(Exercise data begins)
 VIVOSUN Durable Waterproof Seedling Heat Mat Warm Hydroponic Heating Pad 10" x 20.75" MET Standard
(Exercise data ends)
(Exercise data begins)
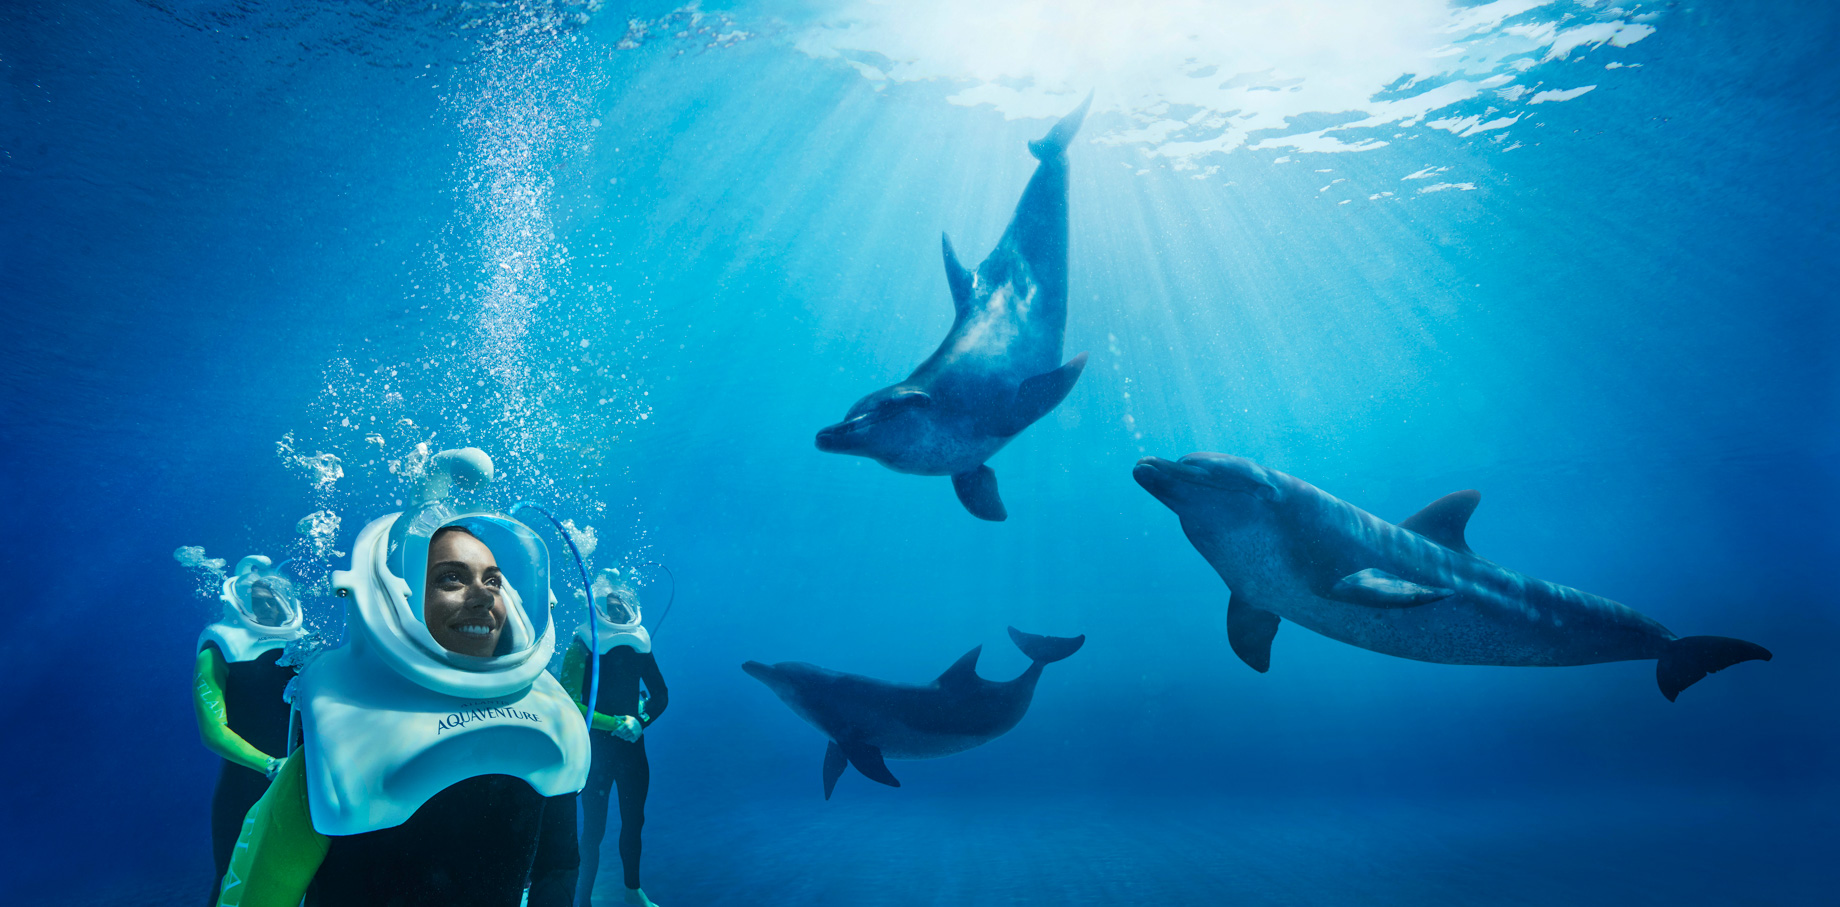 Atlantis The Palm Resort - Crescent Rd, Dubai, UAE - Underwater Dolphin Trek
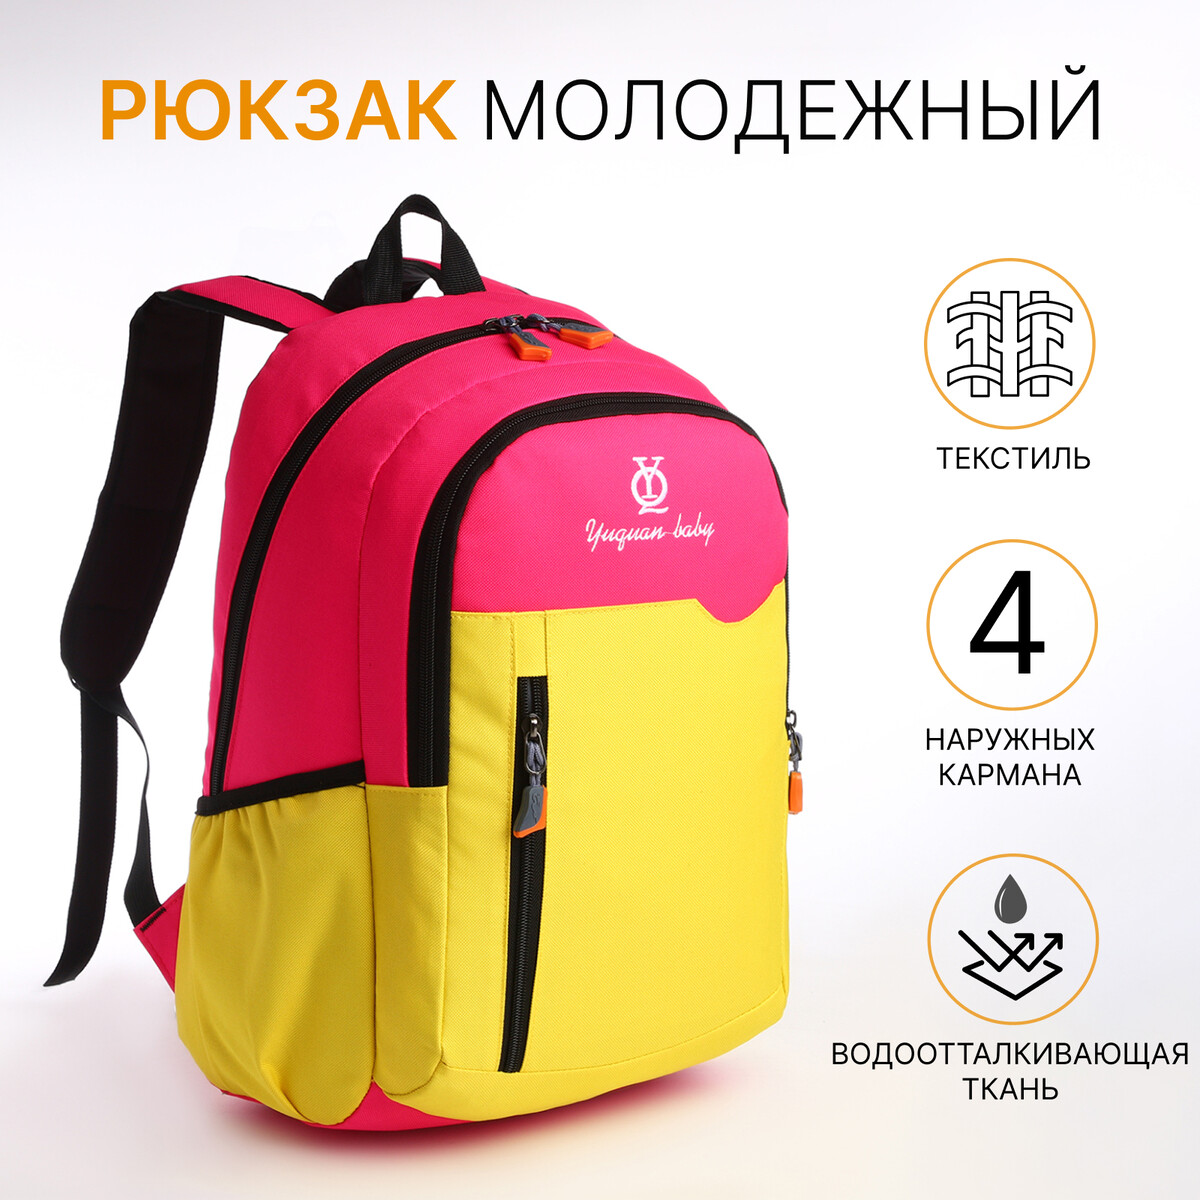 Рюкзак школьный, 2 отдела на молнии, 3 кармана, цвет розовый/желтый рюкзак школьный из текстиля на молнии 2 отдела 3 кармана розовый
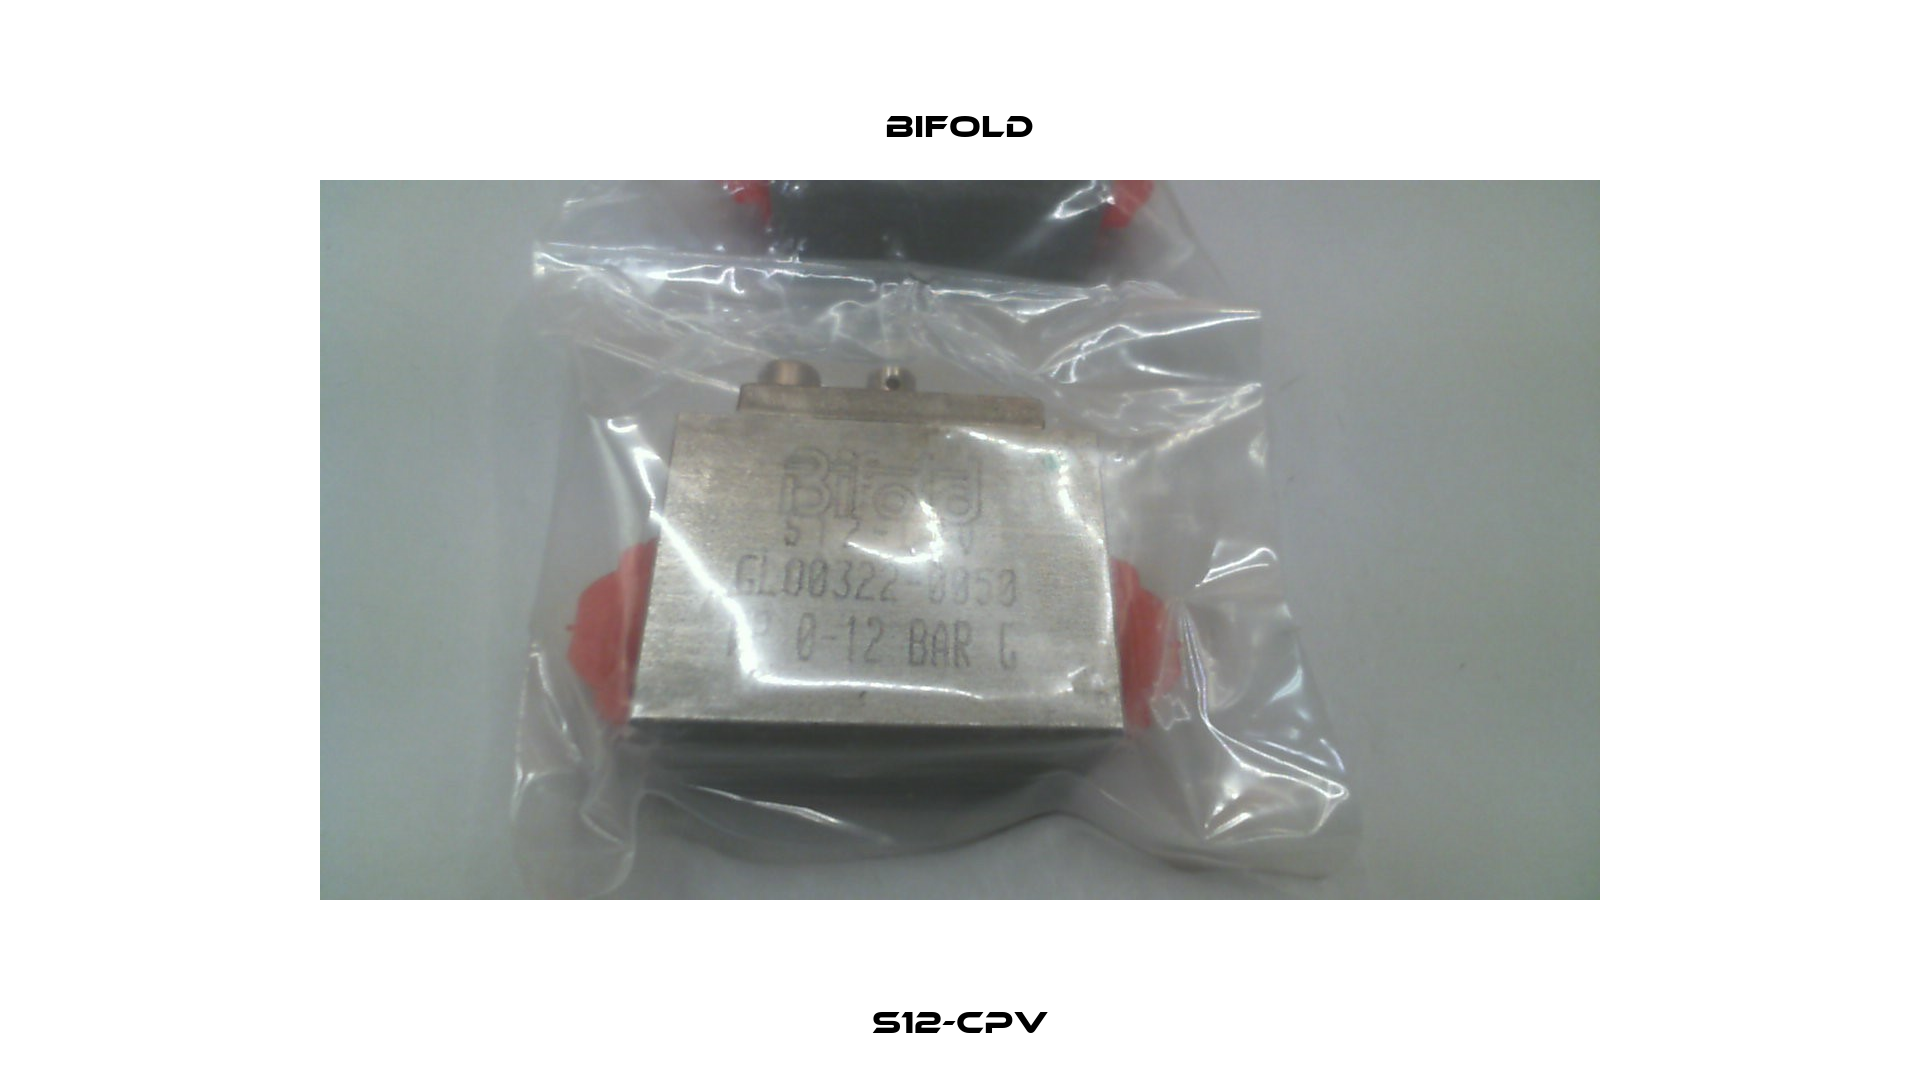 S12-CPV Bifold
(Exercise data ends)
(Exercise data begins)
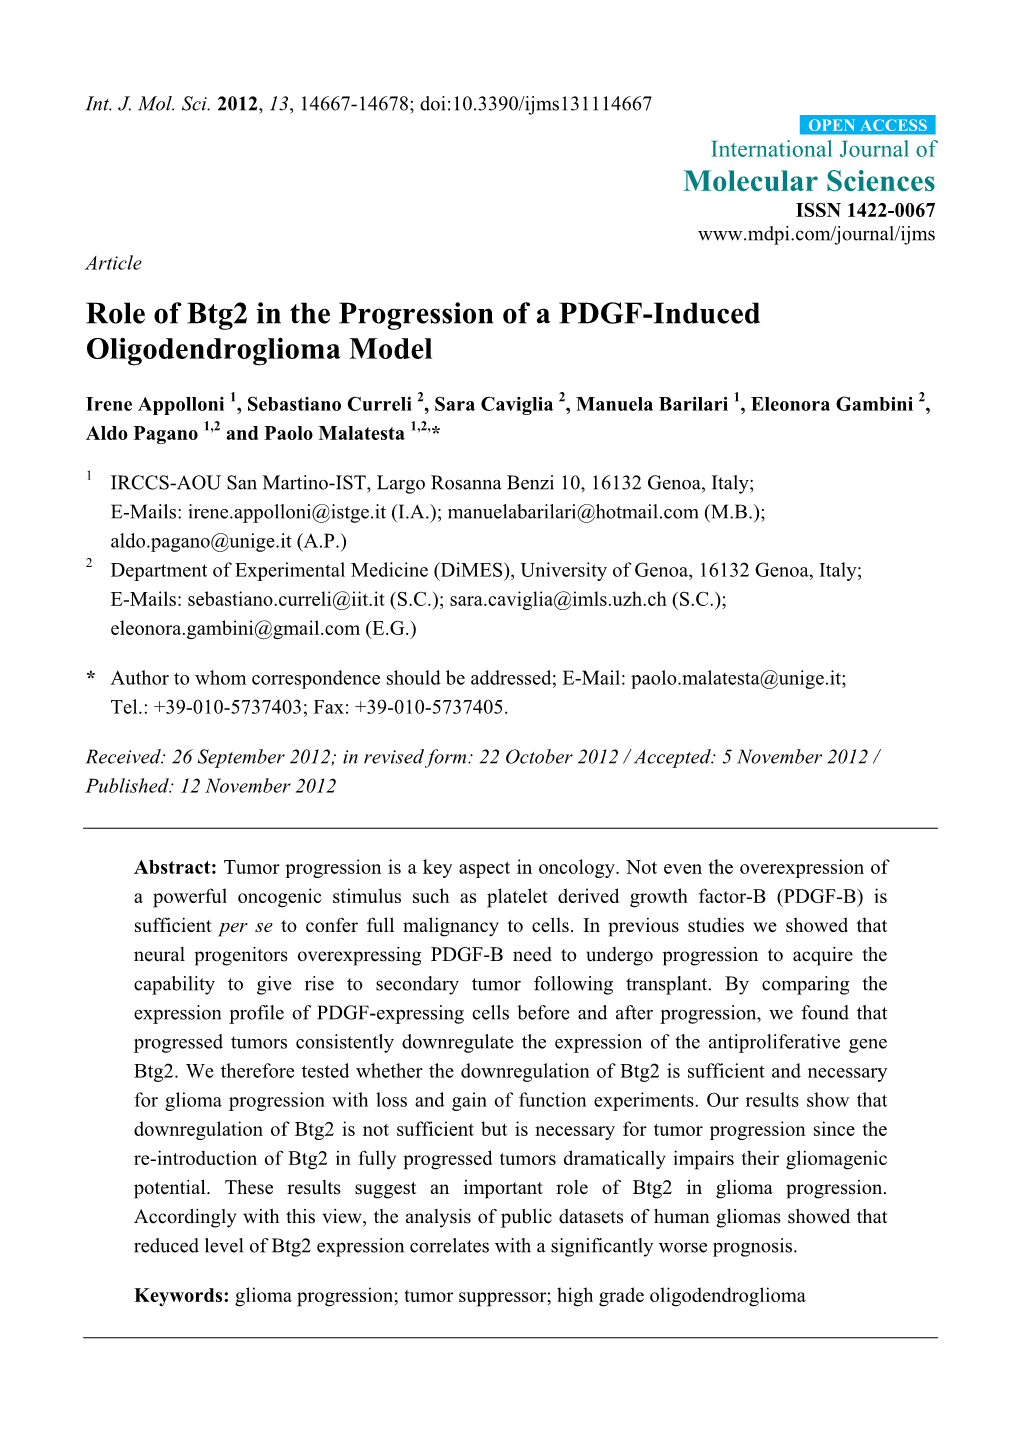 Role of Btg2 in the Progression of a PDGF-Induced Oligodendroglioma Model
(Exercise data ends)
> **Exercise aim**: "Atlantis The Palm" marks the first line to copy, and "S12-CPV Bifold" marks the last. Repeat that stretch above exactly, with no pictures.

> **Response to this exercise**:
 Atlantis The Palm Resort - Crescent Rd, Dubai, UAE - Underwater Dolphin Trek
 Рюкзак школьный, 2 отдела на молнии, 3 кармана, цвет розовый/желтый рюкзак школьный из текстиля на молнии 2 отдела 3 кармана розовый
 S12-CPV Bifold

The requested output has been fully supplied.